1962 was a magical summer with every day being a new adventure. I loved working with the scouts, their leaders and families on Family Island. St. Paul Mayor to be, Charlie McCarty was by far the most colorful scout master. Mostly, I loved working with the staff which was a combination of the people mentioned above and many new people. To mention a few, Jim Frost, Daryl Neise, Joe Diehl, Joe Capistrant, Greg Moser, Carol Kelsey, Ma Klevin, Fern Martinson, Paul Edgington, Duane and Chuck Tooley, Bob Ellison, Al Thurow, Jerry Smith, George Hansen, Jerry McNellis, Dick Sweet, Jim Douglas, Dave Nachtscheim, Dick Carol, the Jorgansons, Paul Riece and Jerry McKay.
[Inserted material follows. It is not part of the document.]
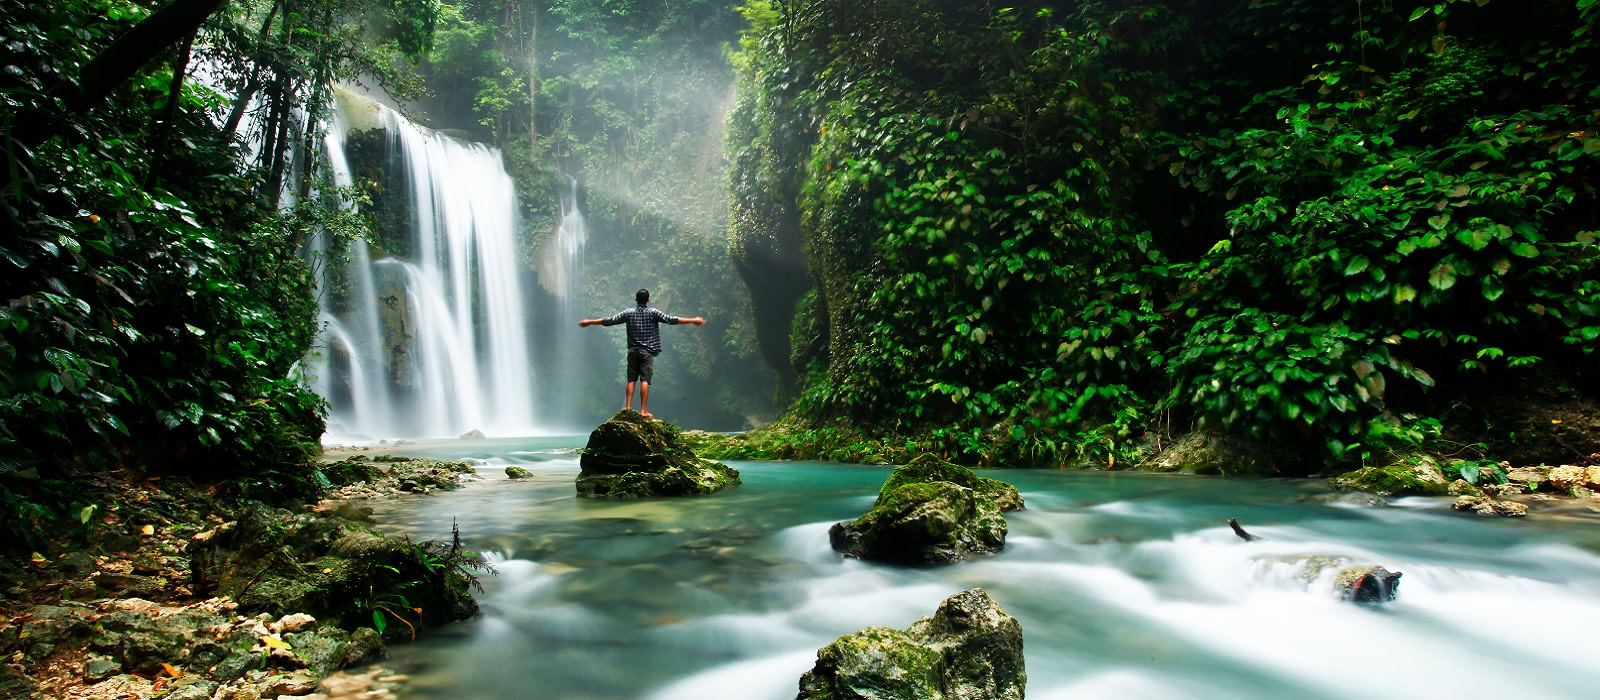 Reiseziel Sulawesi, Luwuk Indonesien

I will never forget the chicken barbecues before the OA ceremonies, being Kichikinette in the 2nd ceremony and trying to find the kids we left in the woods the night before, the party we had for the local girls, and standing knee deep in mud installing the Beaver Point pier. Besides learning how to run a waterfront from the best in the business, I spent 2 weeks working in the Ad Building filling in for Jeff Proud who was badly burned when a cloud of blazing white gas enveloped his head instead of the OA council fire. They made us go back to the car battery after that incident. Those admin staff were a different breed of cat.
Sadly, that summer ended in tragedy when our staff cabin exploded, killing 2 of our friends and injuring 6 of us.
The most shocking part about the next summer was that my parents let me return. I was the only one out of 8 returning to Sioux Beach which made for a challenging summer.
The new staff members were an interesting bunch - John Davis, Bob LaFavor, Mike Baker, Chuck Perkins, Dennis Hitchcock, Bob Kelsey, Carl Melius, Alex Smith and many others.
My favorite memories of my 4 summers include the 9 to 12 hour days teaching water safety, dancing in the OA ceremonies, raiding the kitchen, attending troop campfires, the aroma of the wilderness, the terrifying runs down the fire road in the 6X6, midnight paddles across Long Lake, listening to the singing and guitar playing of Don Kelsey and Greg Travis, and days filled with laughter and camaraderie with people who were becoming life-long friends.
My wife, Kathy and I have had the good fortune of attending many staff reunions over the years to stay in touch with many of these great friends. It has been great seeing my brother’s friends, my friends and meeting the wives. Because of the 50th, we have kept in contact with Dave and Shirley Fihn who met while Shirley was a camp nurse. Of course, Carol and Don Kelsey met the same way. I met Jim Frost in 1962 and Chuck Perkins in 1963 and they have remained 2 of my closest friends ever since. I have also enjoyed meeting Mark McCabe and his excellent staff who have done a great job of carrying on our tradition.
This story is dedicated to the memory of Ben Flood Sr., Ben Flood Jr., Al Thurow, Gerry Smith, John Schneeweis, Fern Martinson, Bob Ellison, Dick Fihn and Gordy Lothson.